For J.M. Fisher, the big question is: “Do N.D.E.s provide a proof of heaven? Or hell?”

J.M. fisher, who is a Professor of Philosophy at the University of California, Riverside concludes:

“Most N.D.E.s depict a journey toward an imagined guarded realm, but not a successful passage to it. Just as in the literature on living forever, such as the ancient “Epic of Gilgamesh” or myth of Tantalus or the quixotic search for the Fountain of Youth, we come ever so close, but in the end we don’t quite make it. In N.D.E.s we get right to the gates, but we don’t go through; we get right to the edge of the universe, but we stop there.”

I have never had a N.D.E. Here is what I think about them:

  1. Life after death is a stupid concept. However, the concept of mindful dying is valid, just as mindful living is.
  2. Possible explanation of what people describe as “the light” at the end of the tunnel [a vision shared among many N.D.E. subjects]: the quantification of life into energy.

via GIPHY

3. I agree with the conclusion of many who say you relive your entire life in seconds or milliseconds., smashing the idea there is something as time.

4. The N.D.E.s are not life as we know it, but they are not death either, something Professor Fisher goes along with.

5. The Akashic Records may well be a valid thing. How do you access them: there’s no simple answer to give.

https://www.youtube.com/watch?v=kF1W4bWA7DE

6. To answer the question, “What is Consciousness” we can start by asking: what is not consciousness ? Consciousness is not mind…

7. As Richard Kelley says in his interview, Is there a God is a rather moot point.

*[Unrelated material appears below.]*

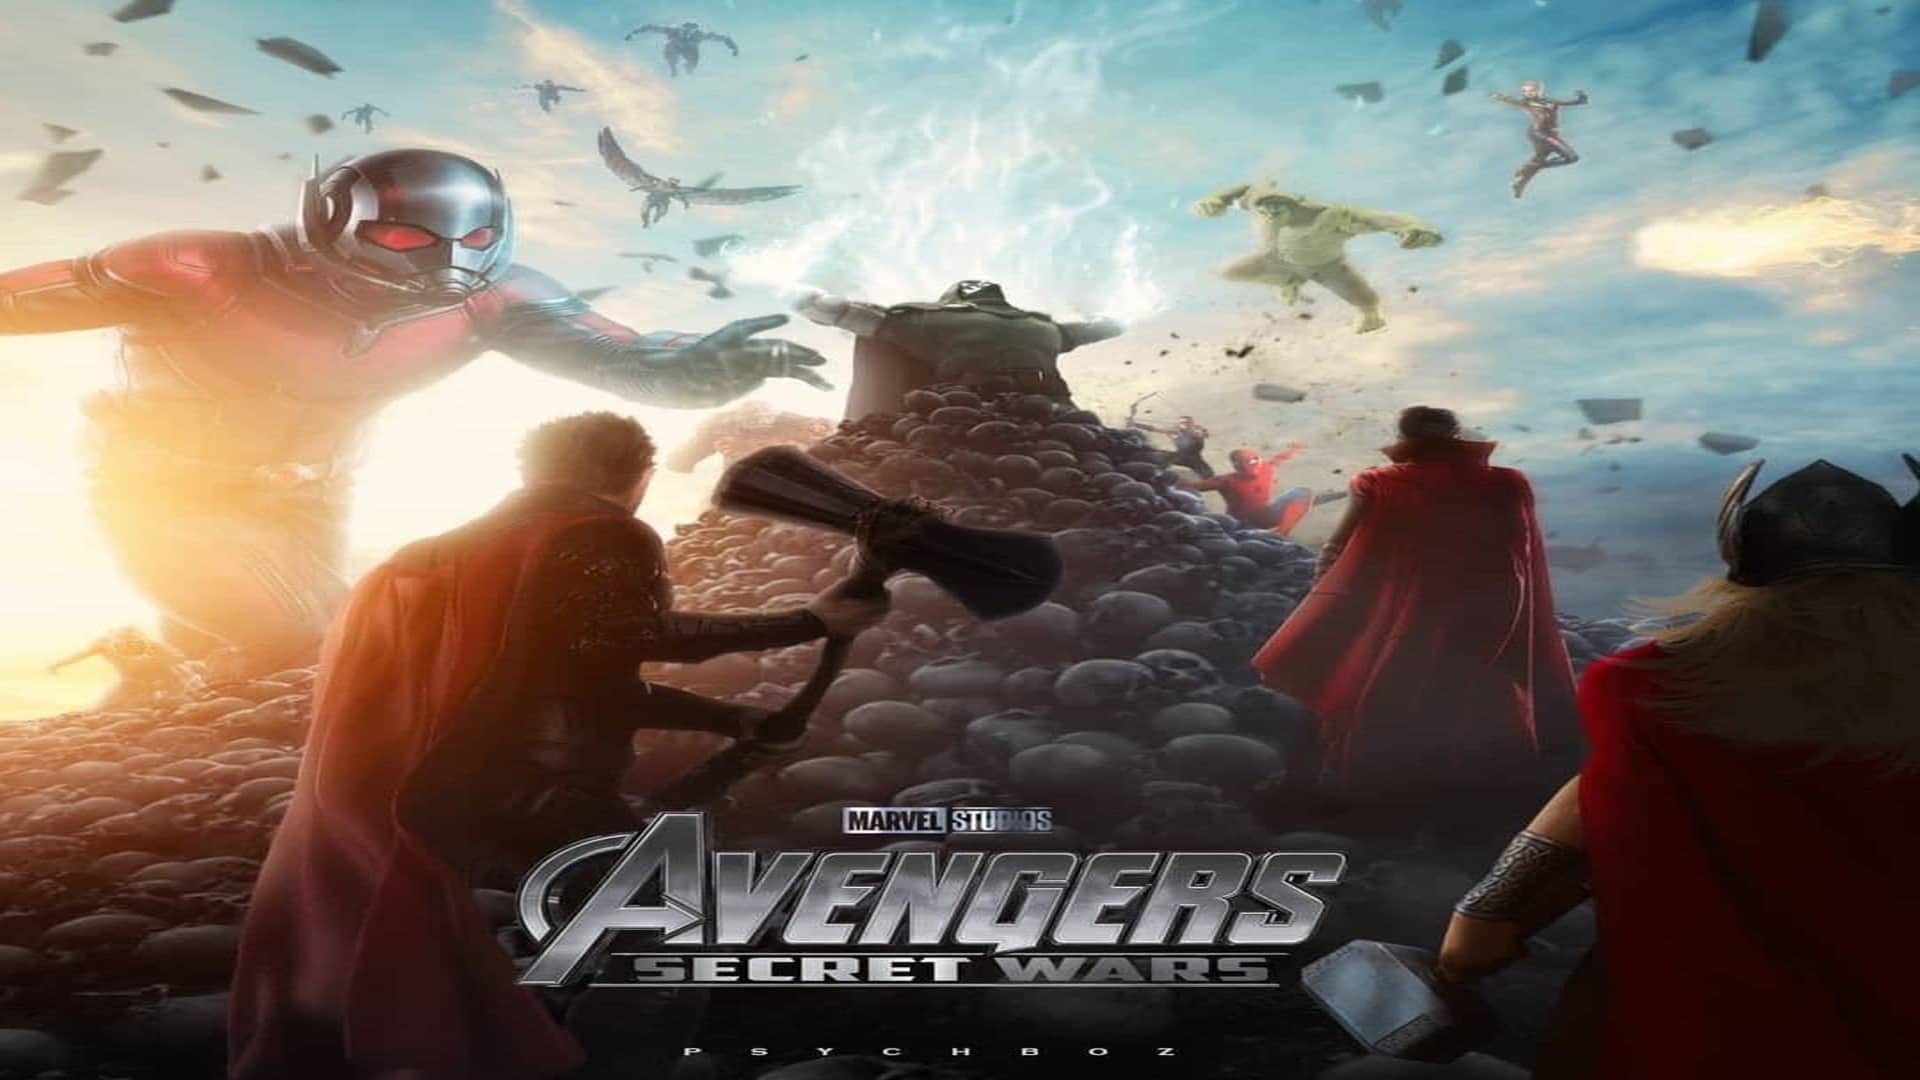 La próxima película de Avengers podría dar paso a la historia Secret Wars, según rumor, GamersRD

8. What’s the reason for being here ? “It’s just part of the drama. If we saw everything that we’re doing, we would know we’re not here.” – Richard Kelley

9. “While you were doing doing the dream, you had no idea it was a dream. Same thing here. It’s the other way around.” -RK

10. To find “peace” without going through a N.D.E. you can start by accepting that your life is a movie already produced, script and stuff, scene-by-scene, take-by-take. Watch it as the spectator in the theater seat. You will find yourself in the spectator seat sooner or later. Think about it: if you accept there is a God, isn’t God [already] the one watching your movie from his seat ? Probably got his Cola and popcorn, too…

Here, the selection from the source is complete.